Drawing water with handmade Japanese bamboo ladles from the communal antique iron kettle to fill and refill our gong fu teapots again and again to share our distinctly flavored teas was really fun as well as highly satisfying. The presentation that was steeped in tradition and style accommodated a kind of free-for-all tea party where we all got to enjoy not just one type of tea from a single server, but five types of tea from five servers all at once! What a brilliant idea it was on many levels. It was embedded in Taiwan tea culture with touches of the historical Japanese influence, and embodied the naturally free, informal - yet very traditional Taiwanese style that has seduced me into making this island my home.
Champion Tea Tasting
The most educational and privileged event at the Nantou County Global Tea Expo, in my experience - is the opportunity to taste award winning teas from all over Taiwan. For an entrance fee of US$3.30, you can participate in a cupping of 10 of this year’s Champion Spring Teas in Taiwan. Ten participants per cupping are invited to smell the brewed leaves and taste the brewed tea through two rounds of the table. The cuppings follow the standard tea judging methods of 3g of tea leaves in a 50 ml cup brewed for 6 minutes with near-boiling temperature water. The brewed leaves and tea are then allowed to cool for about 6 minutes before sampling.

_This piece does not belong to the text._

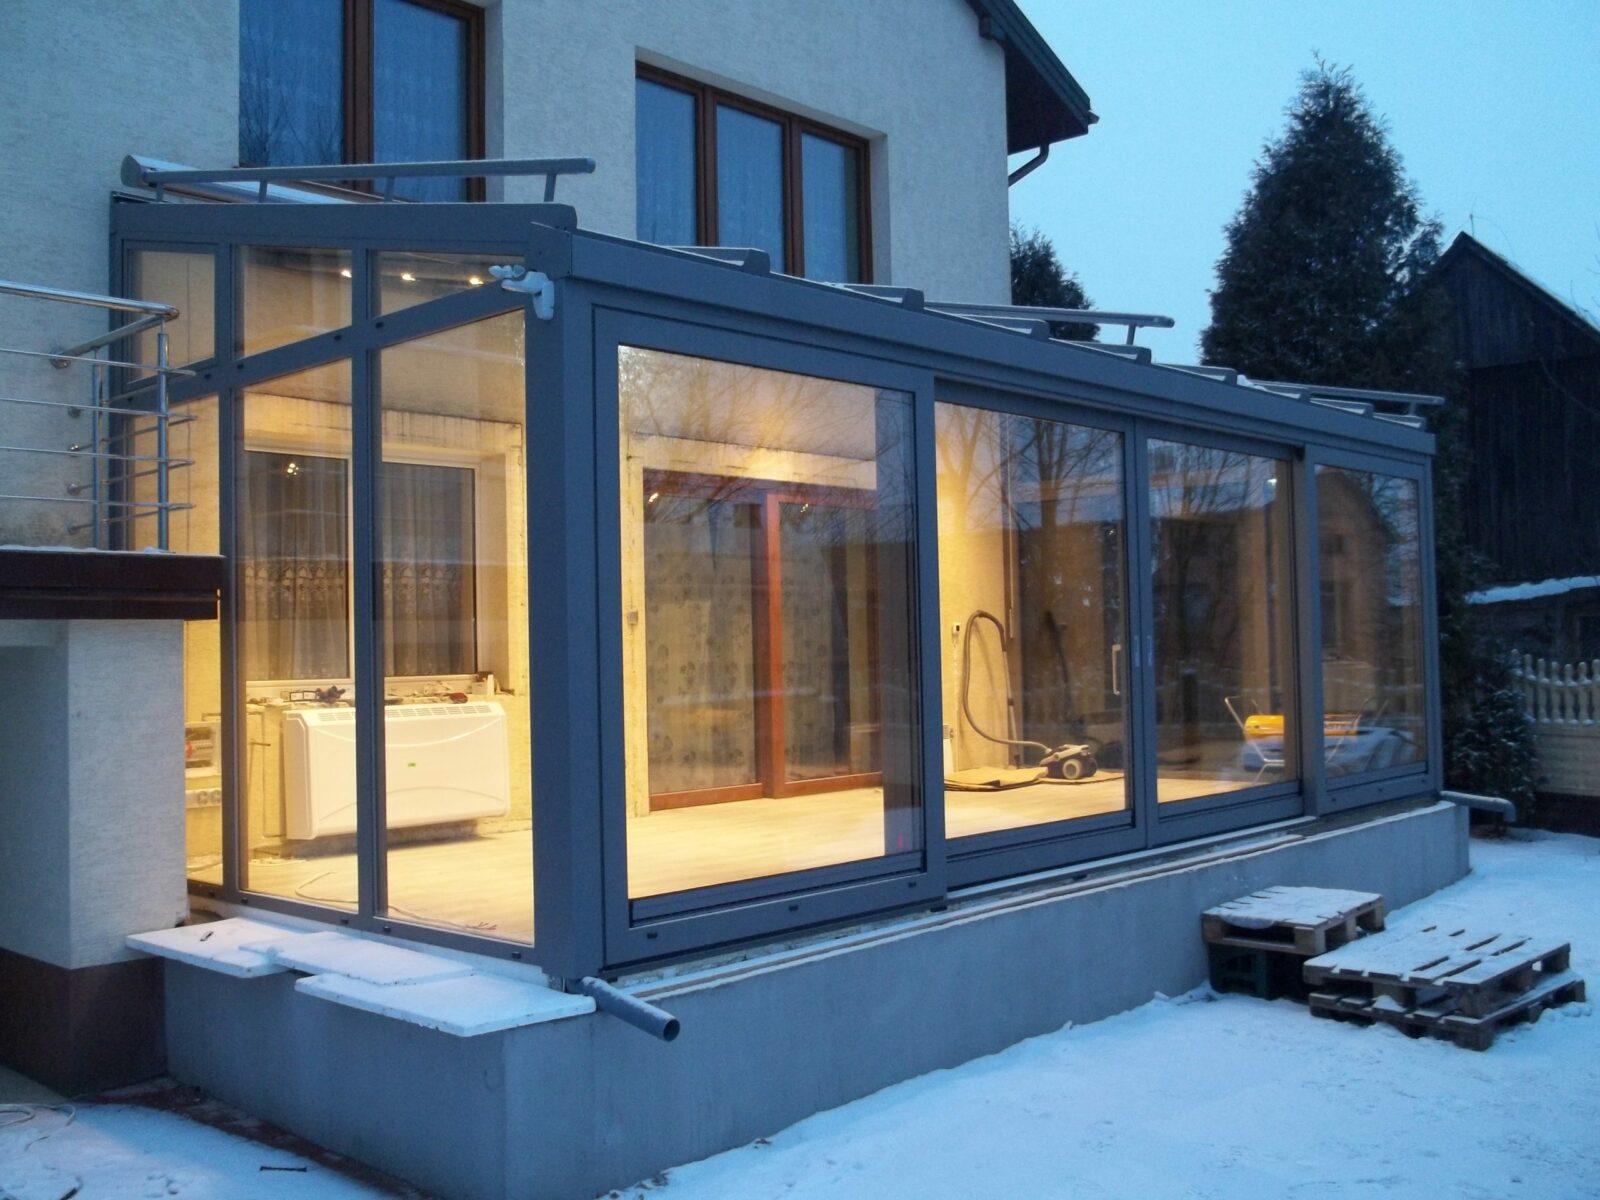 Ogród zimowy zimą z oświetleniem

The cupping is hosted by a certified tea judge who leads the group through the brewing, smelling of the brewed leaves, and tea tasting experience. The host introduces the tea types that span the spectrum of specialty teas produced in Taiwan from green to black, yet mostly comprised of variations of oolongs. Basic explanations of the tea types are given along with the judging process that is conducted in the competitions.

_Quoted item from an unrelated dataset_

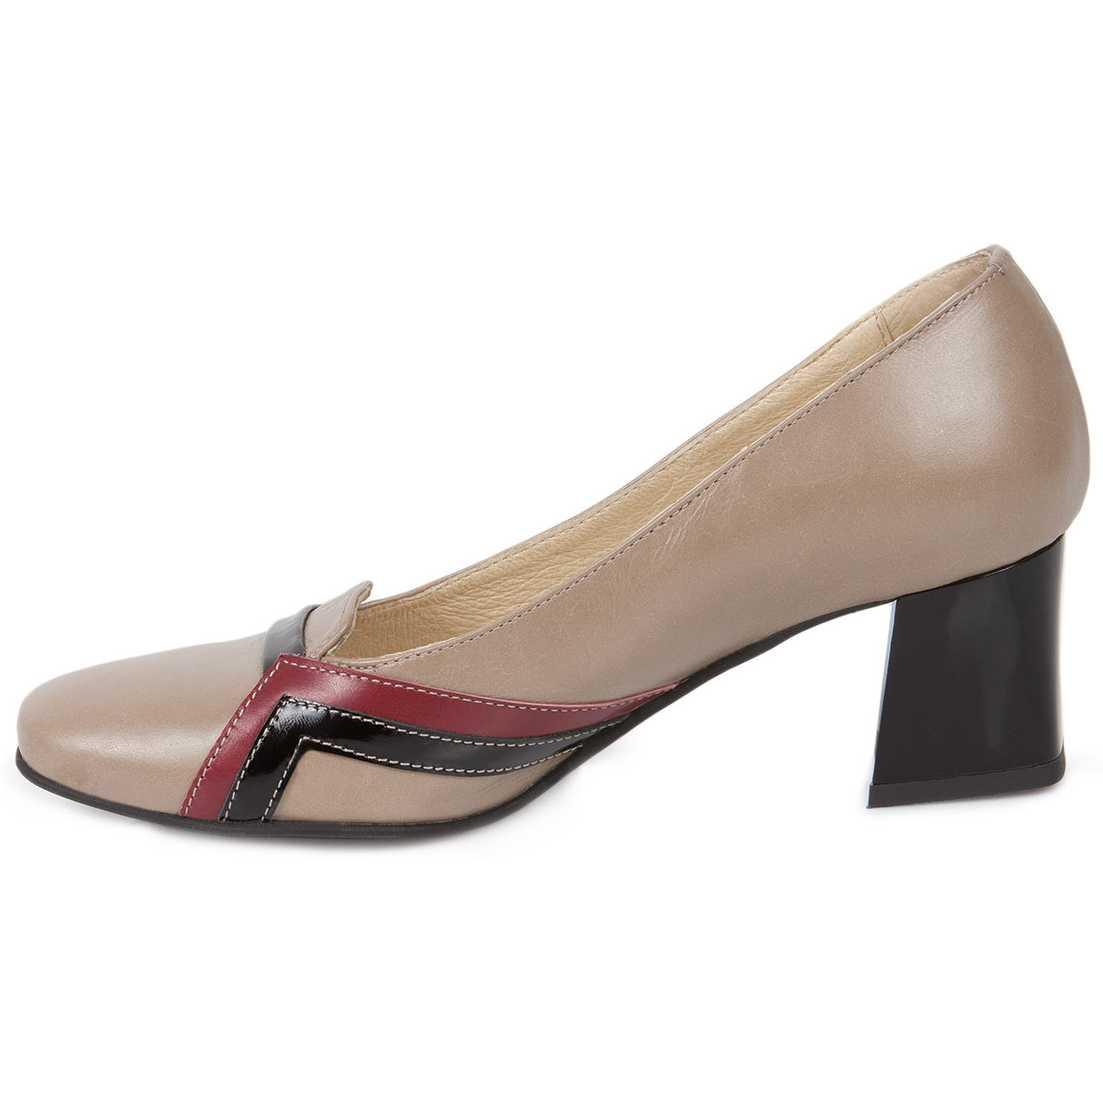 Pantofi kaki cu negru cu toc mic din piele naturala model 248

The first cupping we attended this year started with a green Bi Luo Qun from Ping Lin, Taipei followed by an unroasted, minimally oxidized High Mountain Oolong from Ren Ai Township in Nantou. Step by step we moved through the gradients of oolong teas, finishing with a heavily oxidized Oriental Beauty Oolong from Xin Zhu.
More types of Champion Spring Teas can be experienced by attending other cuppings. There are 18 types of tea, almost all champion, with a few 2nd place prize winners of local competitions from all over Taiwan, offered at this event. So in order to make the best of this unique opportunity, we will attend at least a few more cuppings of this year’s champion spring teas before the event closes on October 27.